▶ [Task prompt]:
All lines below starting at the one that holds "香港樂源餐飲集團有限公司19" and ending at the one that holds "Vor der griechischen" should be printed exactly, ends included. Pictures should not be printed, nor anything else.

▶ [Data shown]:
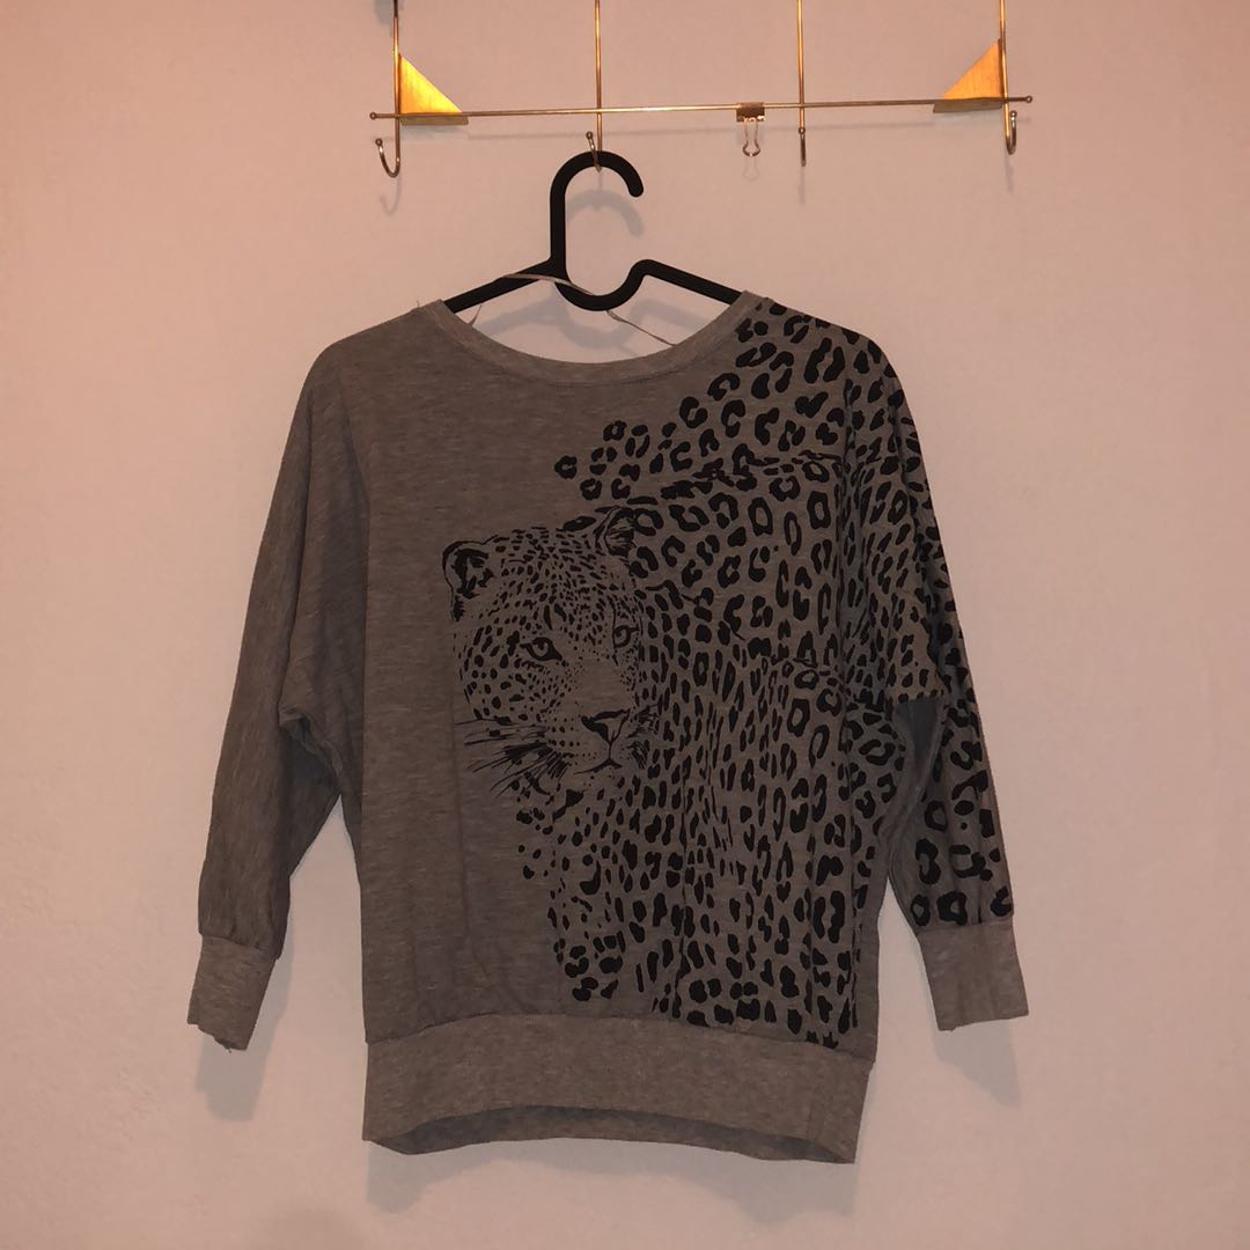 Atmosphere Sweatshirt
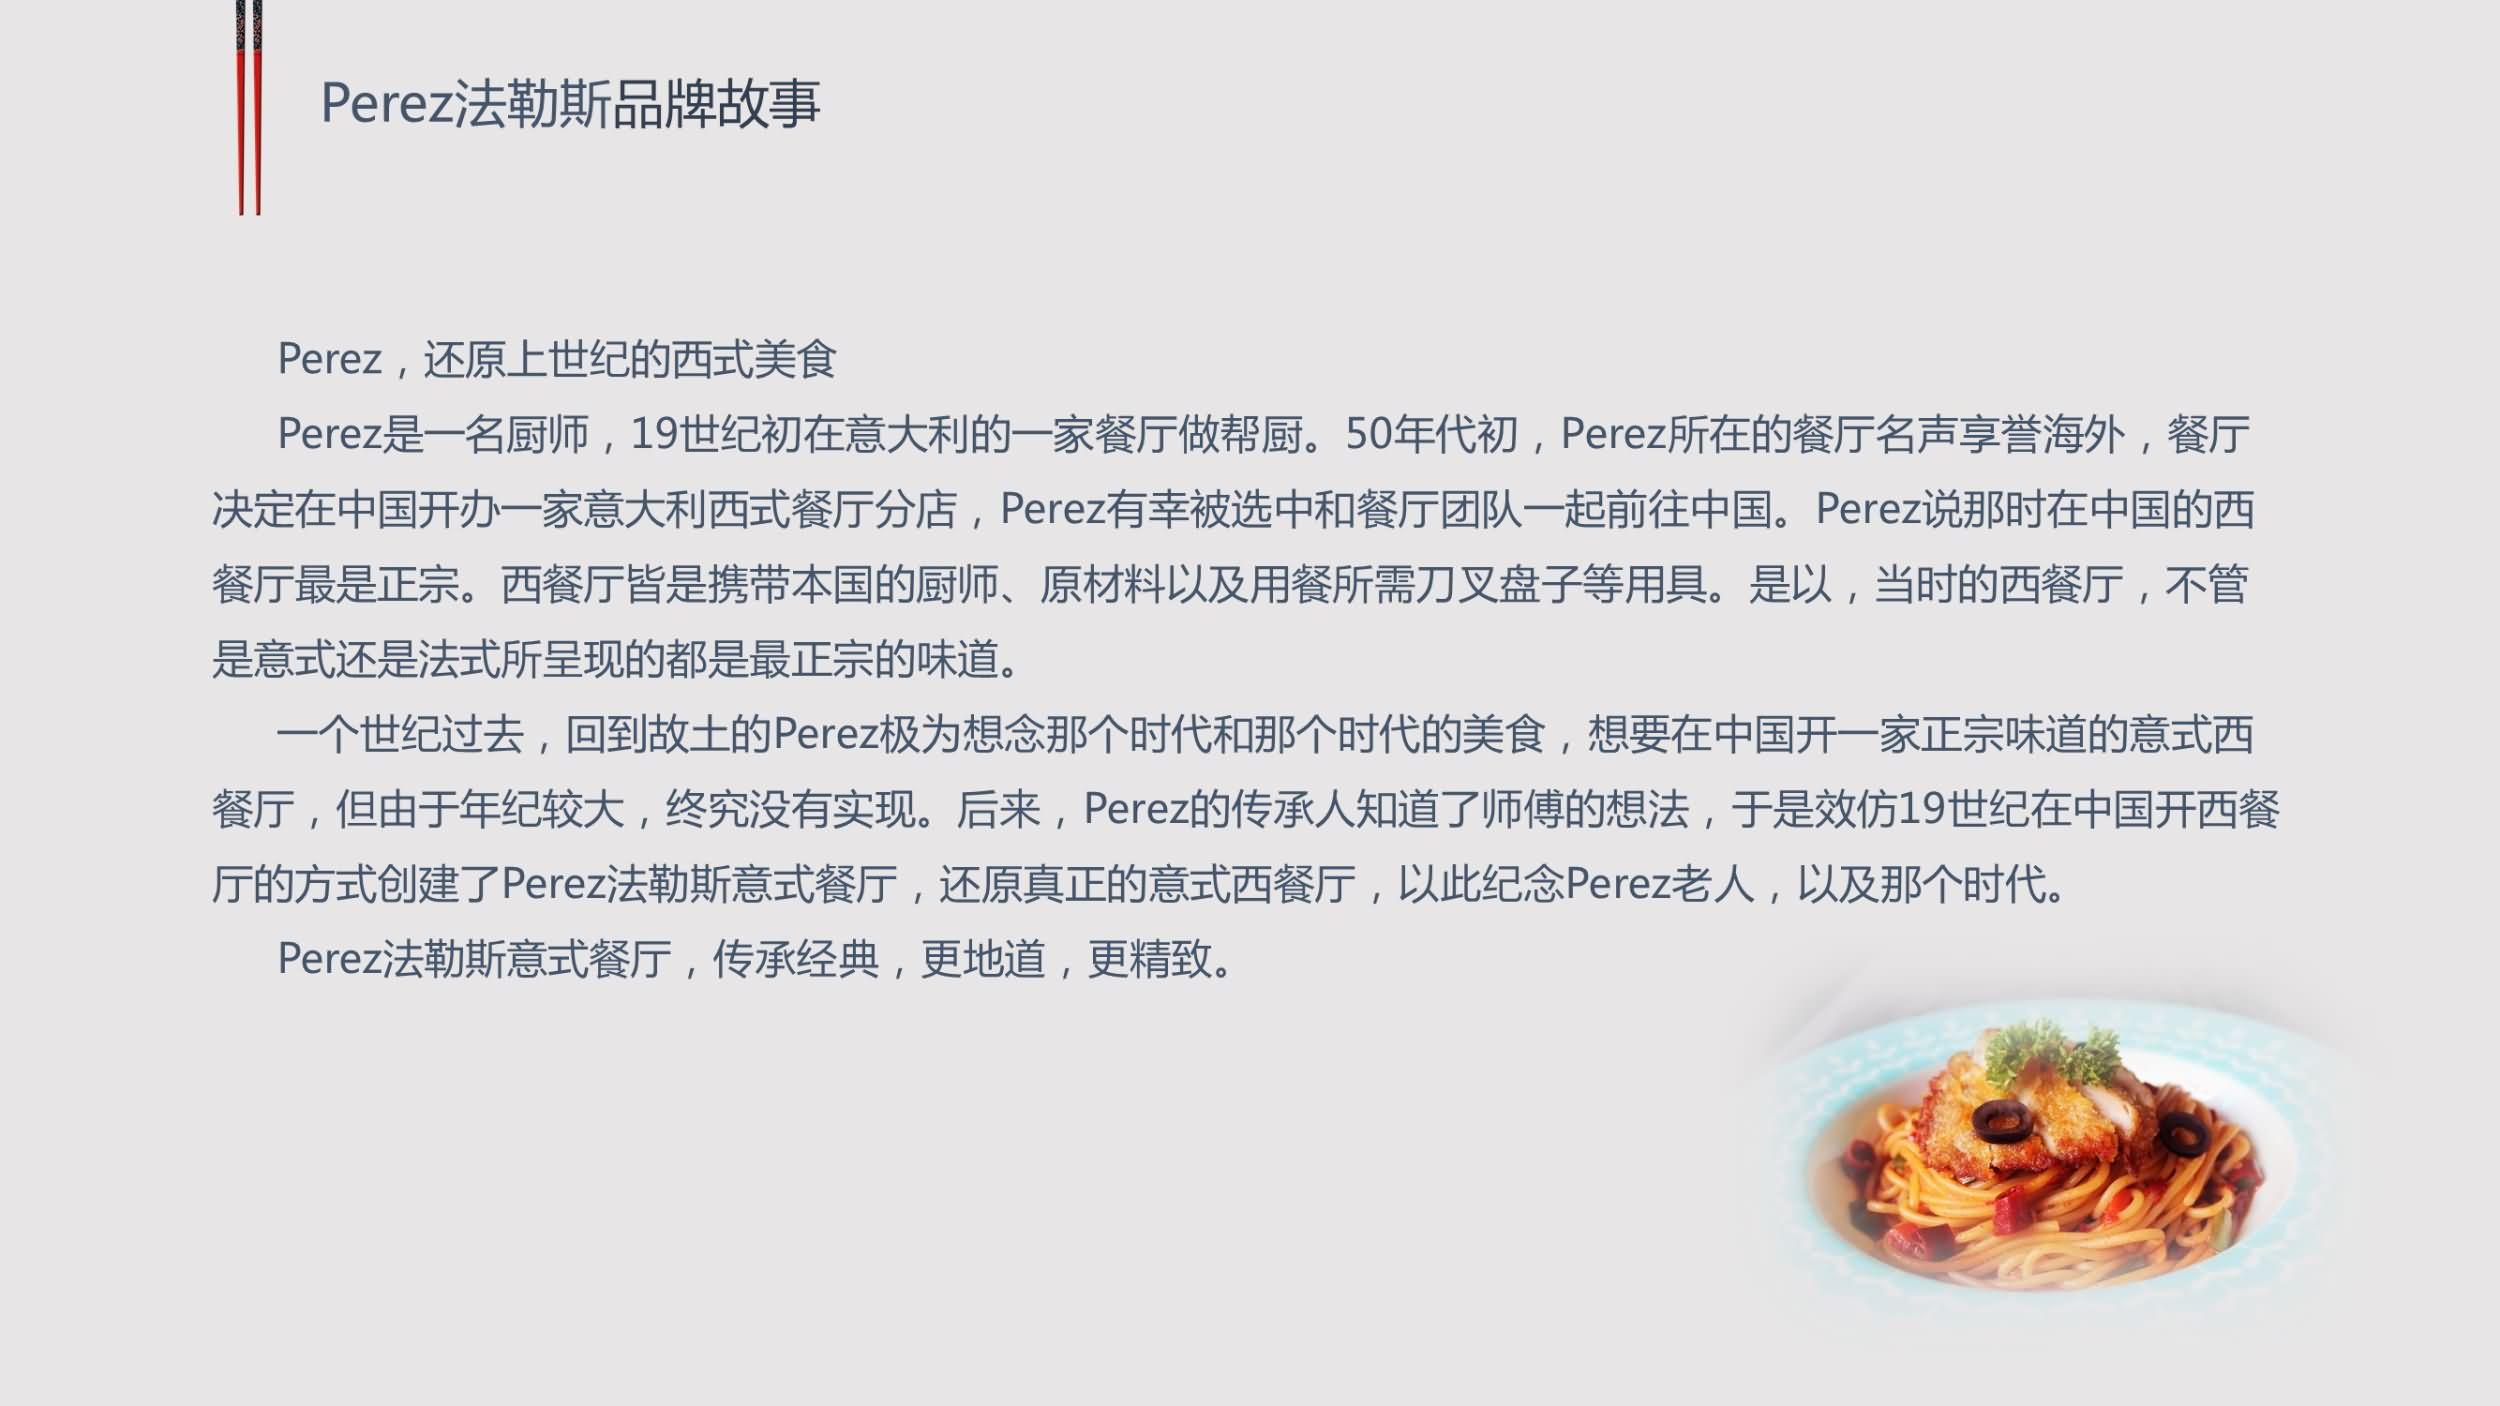 香港樂源餐飲集團有限公司19
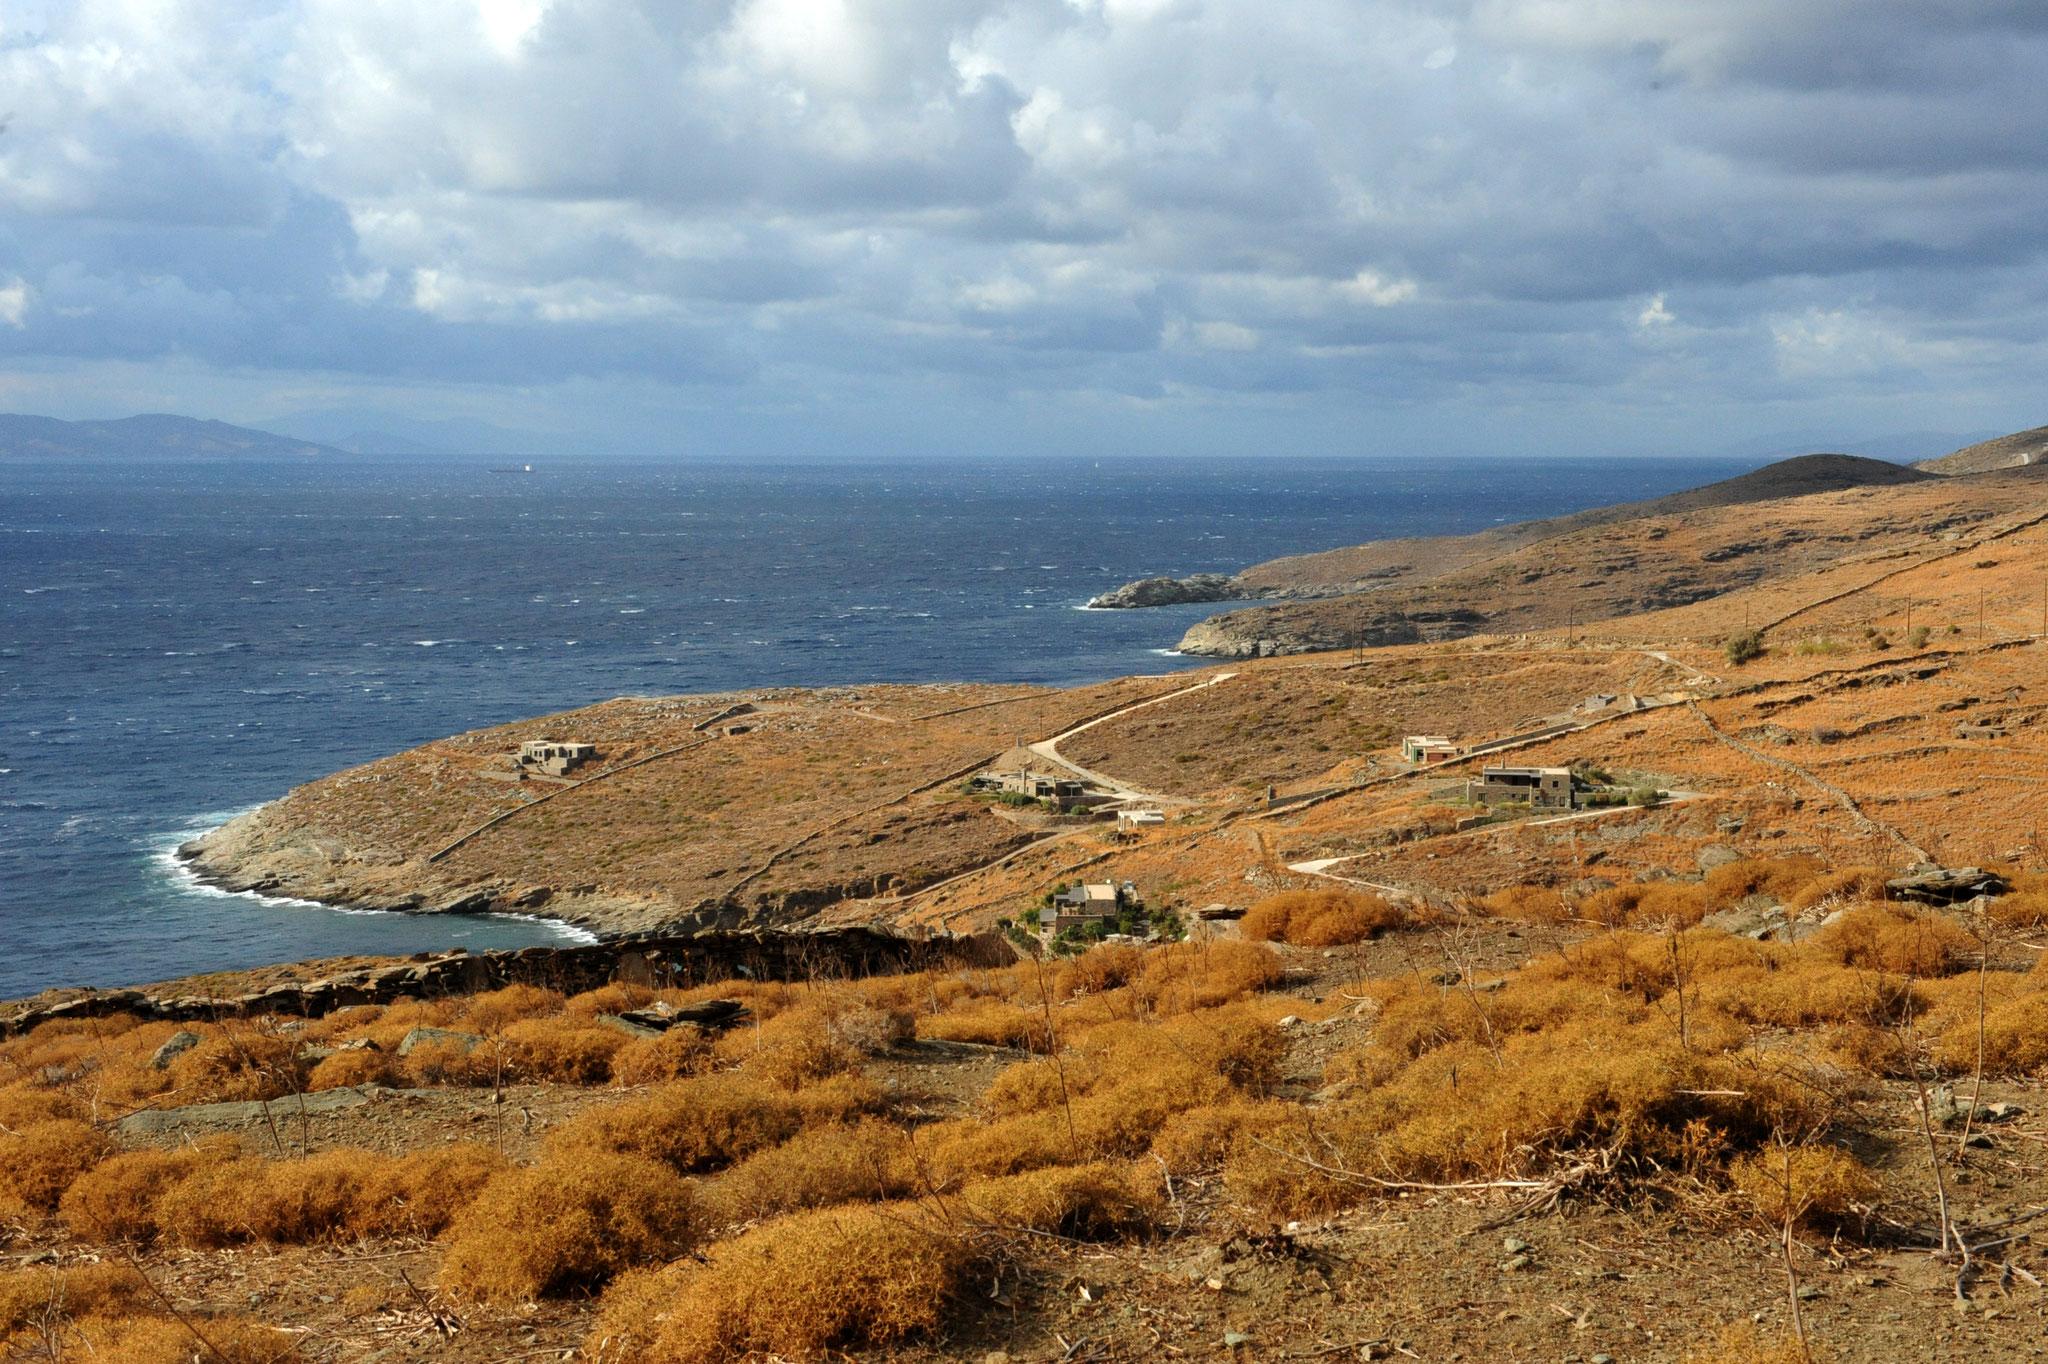 Vor der griechischen Insel Kea sank die Britannic (© Peter Jaeggi)
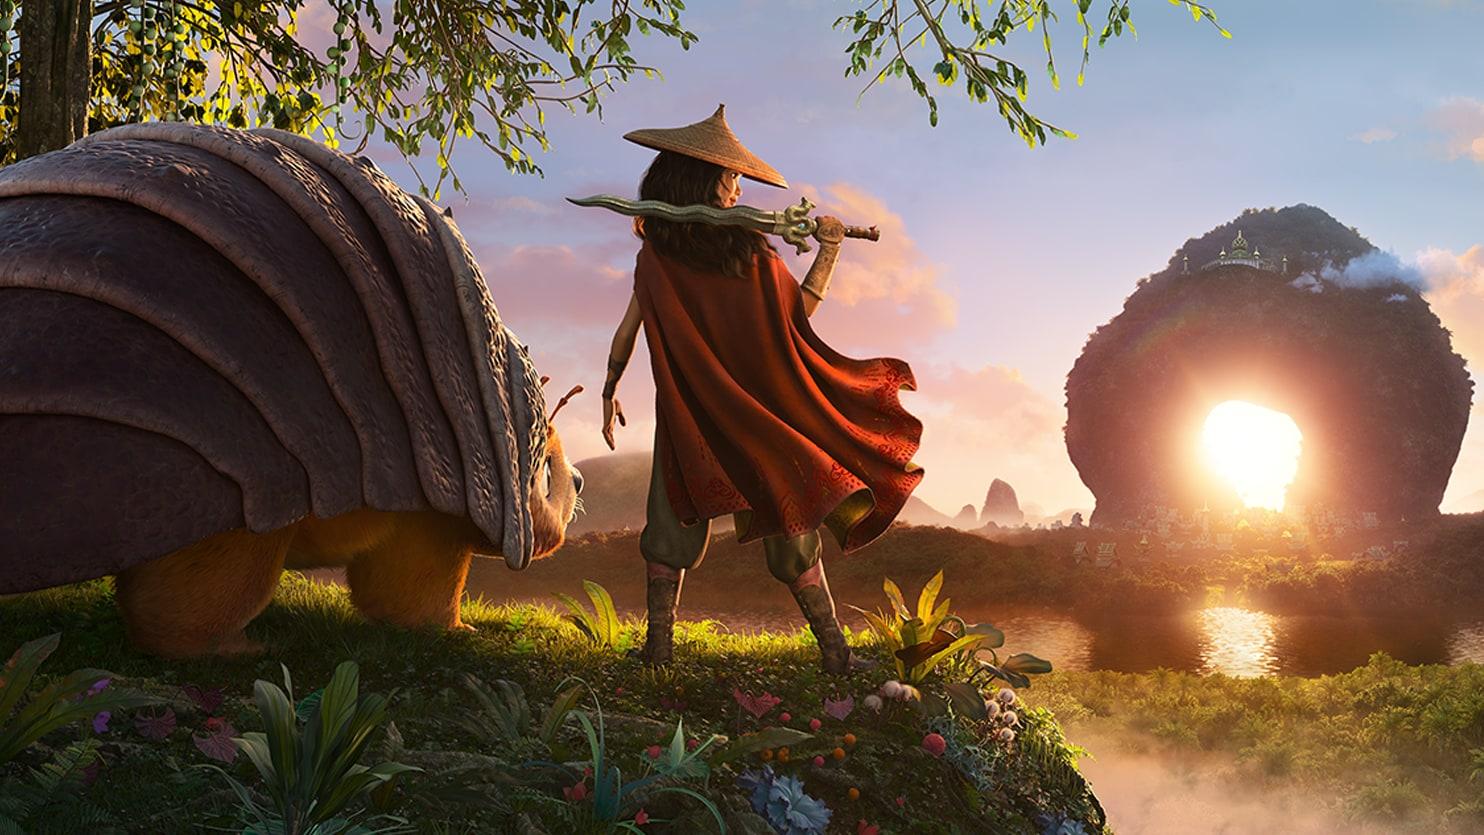 Cena do filme Raya e o Último Dragão com a personagem principal, Raya, no centro da imagem e de costas para a tela, veste uma capa vermelha e chapéu. Ela está segurando uma espada e apoiando-a em seu ombro. Ao seu lado esquerdo encontra-se Tuk Tuk, animal parte tatu, parte urso que é parceiro de Raya.

▶ [Written response]:
 香港樂源餐飲集團有限公司19
 Vor der griechischen Insel Kea sank die Britannic (© Peter Jaeggi)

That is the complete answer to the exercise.